First Look: If You Like Loud Music, You’ll Love the Lenovo Tab Plus

First Look: If You Like Loud Music, You’ll Love the Lenovo Tab Plus

Lenovo’s latest Android tablet might seem overt for its price point, but it also sounds like something I want to travel with this summer. The Lenovo Tab Plus has eight boomy speakers to blast music and movies everywhere. The speakers are specially tuned to work with Dolby Atmos, which is a nice trade-off for the rest of the mid-range specifications that make up the device.

The Lenovo Tab Plus is an Android tablet with an 11.5-inch LCD. It offers a 90hz refresh rate, smoother than your average computer monitor. It runs on a decidedly mid-range MediaTek Helio G99 processor with 8GB of RAM, sufficient for watching movies, streaming music, and playing the occasional mobile game. The Tab Plus also has an expandable Micro SD card slot, which has recently become more challenging to find available on an Android device. It’s available with up to 256GB of onboard storage.

You can see the speakers on the Lenovo Tab Plus attempting to burst out of the chassis.

The main reason you’d buy this Android tablet over all others is because of how many speakers Lenovo crams into its chassis at under two pounds.
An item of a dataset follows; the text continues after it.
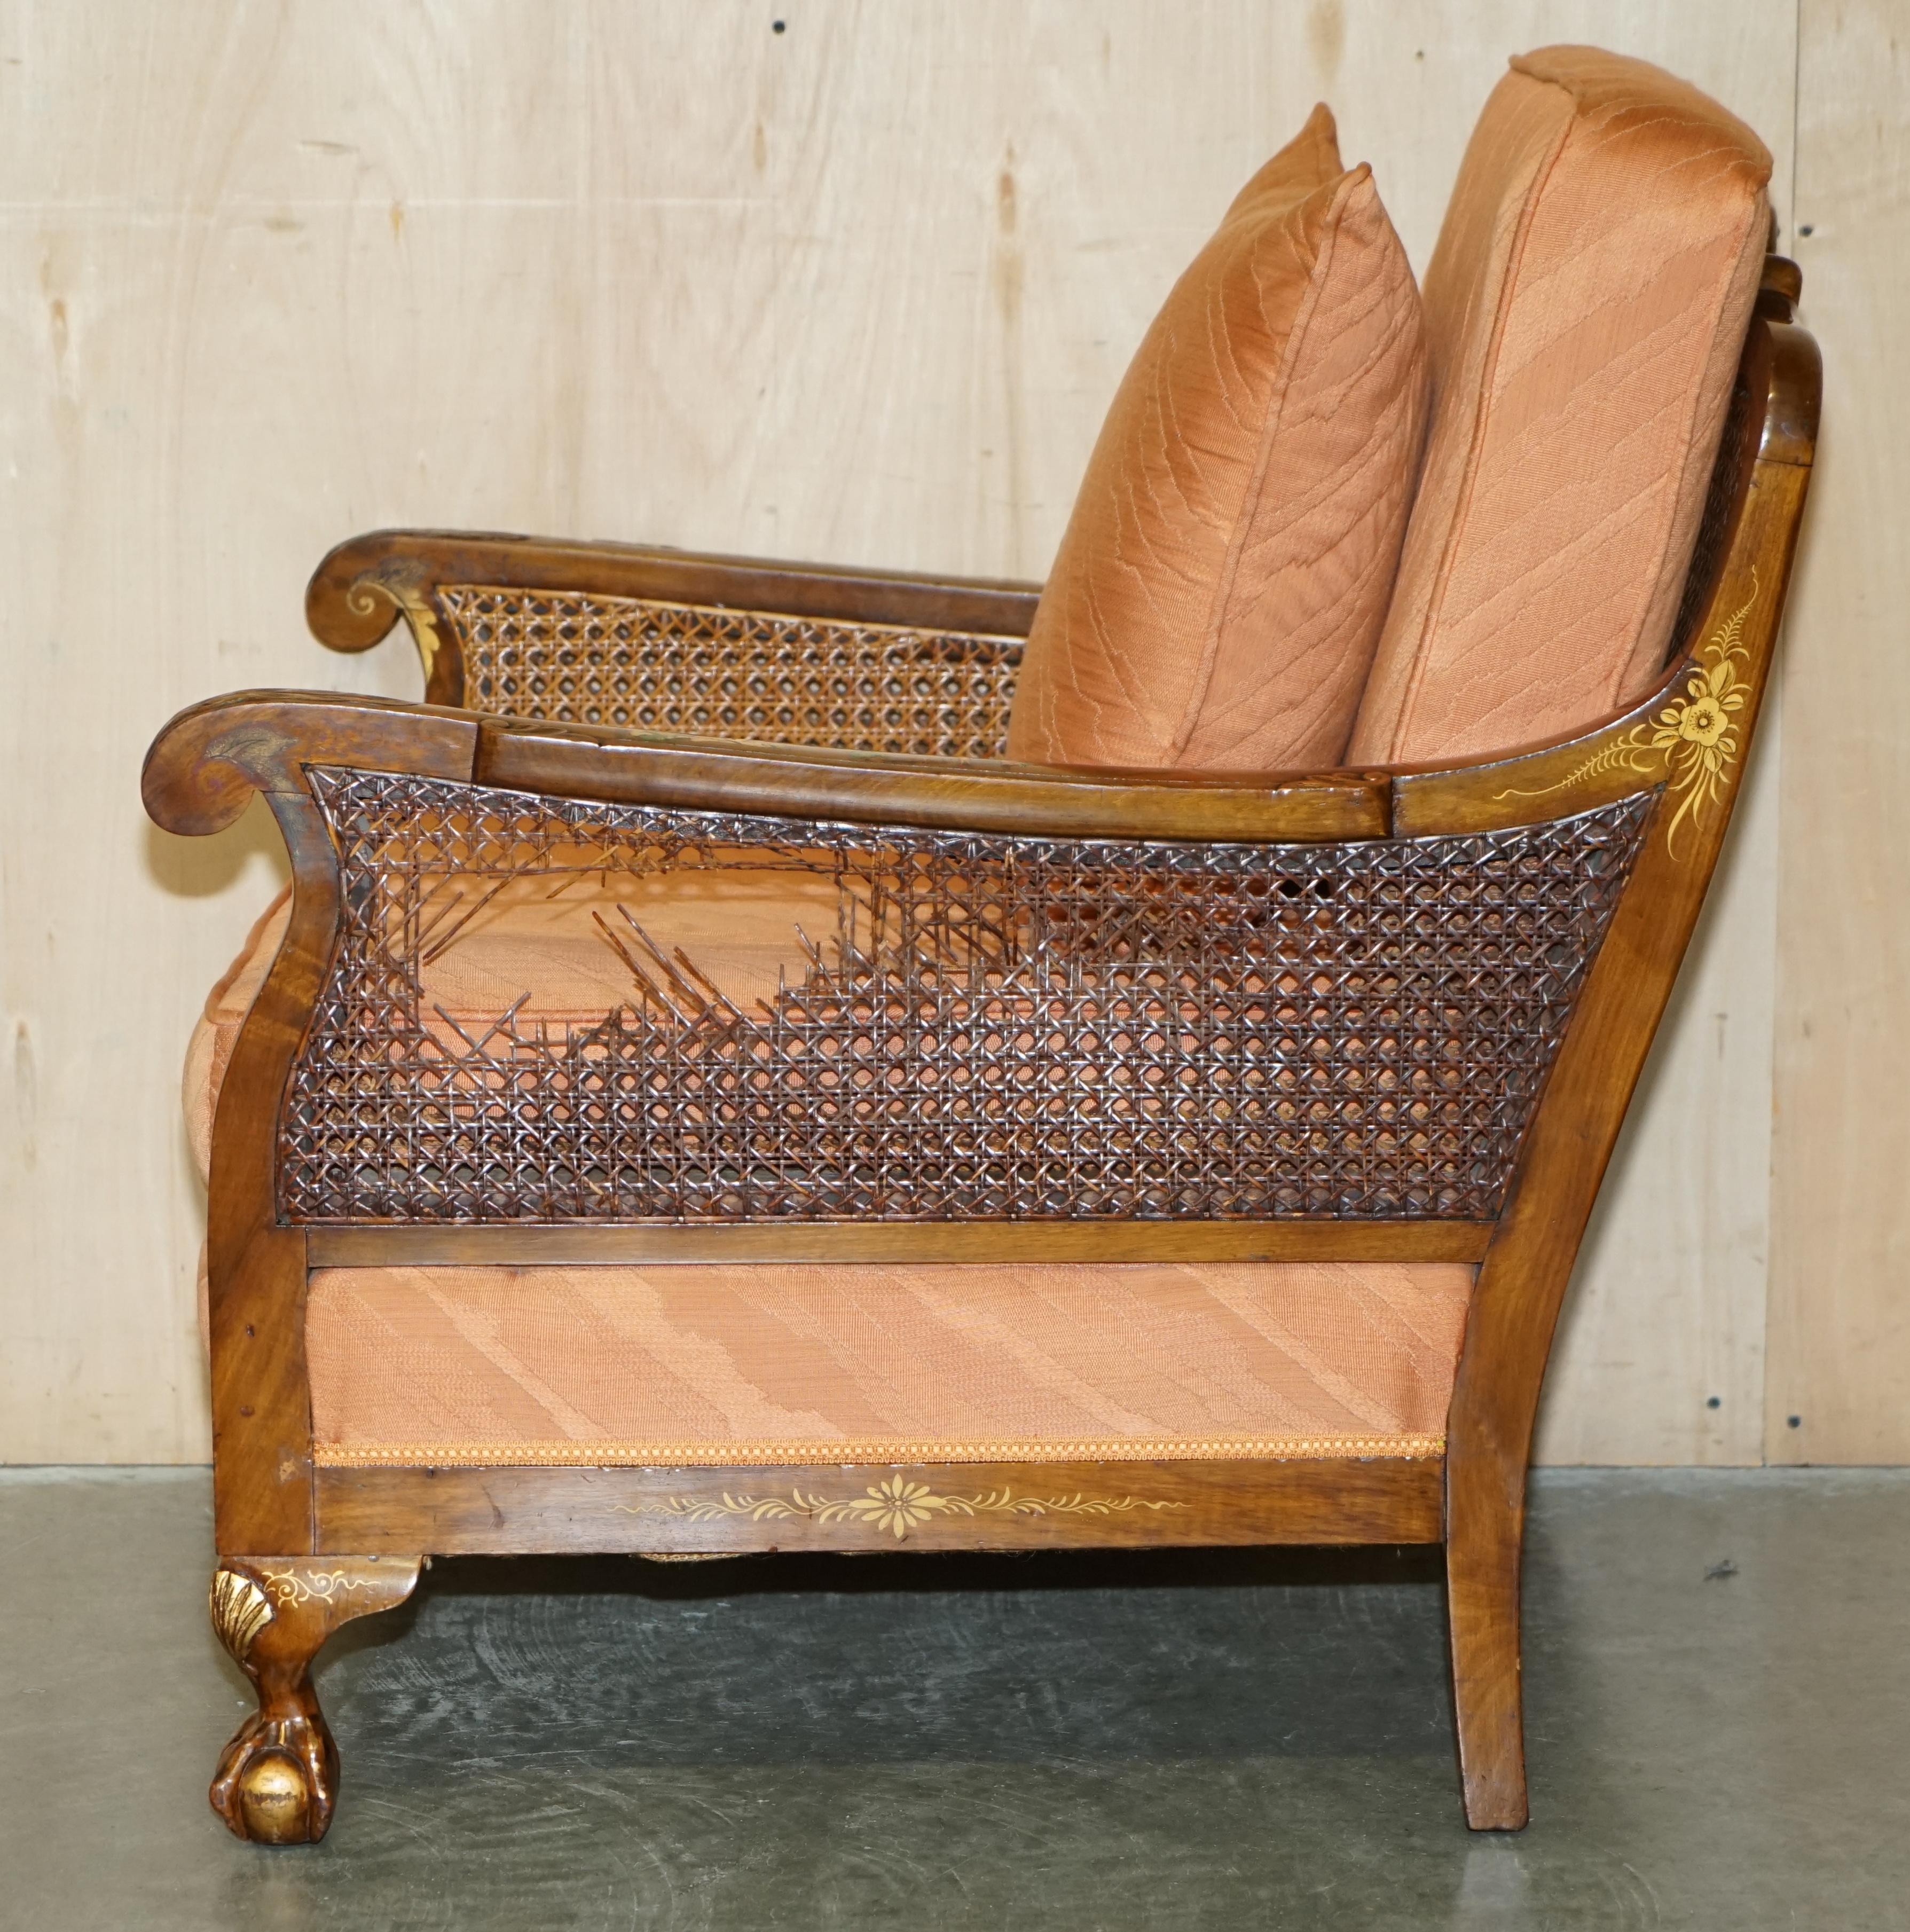 1920's WALNUT & CHINOISERIE 3 PIECE BERGERE SOFA ARMCHAIR SUITE FOR RESTORATION For Sale 11

As mentioned, the Lenovo Tab Plus features eight JBL-brand speakers tuned with Dolby Atmos: four matrix tweeters and four force-balanced woofers. There’s also a kickstand on the back that pivots 175 degrees, so you can find your positioning whether you’re tuning in to a podcast from far away or want to listen to music softly.

There’s an 8,600mAh battery in the Lenovo Tab Plus, which is standard for a tablet in this class. Lenovo says it can charge fully in 90 minutes, which bodes well for travelers relying on this for entertainment during the long plane ride. It’s also IP52 water and dust-resistant, so you can take it into a moist environment—like the bathroom—without fear of warping it.

The best part of the Lenovo Tab Plus is its expansion slot.

I got to mess with the Lenovo Tab Plus in a meeting with the company a few months ago. I was impressed with the range of presence enabled by the tablet’s outer speakers and the color saturation of the LCD.

If you want additional functionality, Lenovo sells the Tab Pen Plus and a wireless keyboard for the Tab Plus tablet. At $549, the Lenovo Tab Plus doesn’t have the specs to help you finish your work on the go. But it does have the storage space for a library of owned, ripped DVDs to watch on the go.